No. 3. Don’t leave the wire in for too long
Symphyseal separations require four weeks to fully heal, and parasymphyseal fractures may take slightly longer. However, keeping the wire in place for more than four to five weeks carries with it the possibility of pressure necrosis and/or resorption of bone lateral to the mandibular canine teeth, which sometimes extends deep enough to involve the periodontium of the teeth.
The clinical consequences of a fibrous union of a parasymphyseal fracture are generally negligible provided occlusion is normal. Therefore, I try to remove rostral mandibular cerclage wires between four and five weeks after placement regardless of whether I am dealing with a symphyseal separation or parasymphyseal fracture.
No. 4. Alternate techniques to the traditional approach
Alternative techniques for symphyseal cerclage have been described.1, 2 An 18-gauge needle is advanced as previously described into the oral cavity along the buccal aspect of mandible just rostral to the labial frenulum.

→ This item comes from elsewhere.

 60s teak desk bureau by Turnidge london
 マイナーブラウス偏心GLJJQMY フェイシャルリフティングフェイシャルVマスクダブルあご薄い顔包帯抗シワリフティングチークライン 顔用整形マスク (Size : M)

The wire is threaded into the needle and the needle withdrawn.
The needle is redirected along the buccal surface of the opposite mandible and, in this alternate technique, the needle is directed from intraorally to extraorally through the ventral chin incision. The orthopedic wire exiting the skin incision is threaded into the bevel tip and guided into the mouth by withdrawing the needle.
Wire is twisted and tightened on the buccal side of the canine tooth and the twisted ends are cut and bent back toward the mucosa. A small bead of composite can be placed over the wire twists to prevent trauma from the sharp ends of the wire. The potential benefit of this technique is seen at time of wire removal since a skin incision is not required for removal.
A figure-of-eight wire wrapped intraorally between the mandibular canine teeth is not generally recommended for treatment of symphyseal separation/parasymphyseal fracture, as it may cause linguoversion (inward tipping) of the canines and may leave a gap in the symphysis ventrally if used as a sole form of fixation.
Instead, placement of a twisted wire between the canines can be accomplished by securing it around the crowns of the mandibular canine teeth. Composite will give additional stabilization and prevent lingual misalignment of the mandibular canine teeth.
- Mulherin BL, Snyder CJ, Soukup JW. An alternative symphyseal wiring technique. J Vet Dent. 2012; 29: 176-84.
- Matis U, Kostlin R. Symphyseal separation and fractures involving the incisive region. In: Verstraete FJM, Lommer MJ. Oral And Maxillofacial Surgery in Dogs and Cats. London: Saunders Elsevier; 2012. P. 265-274.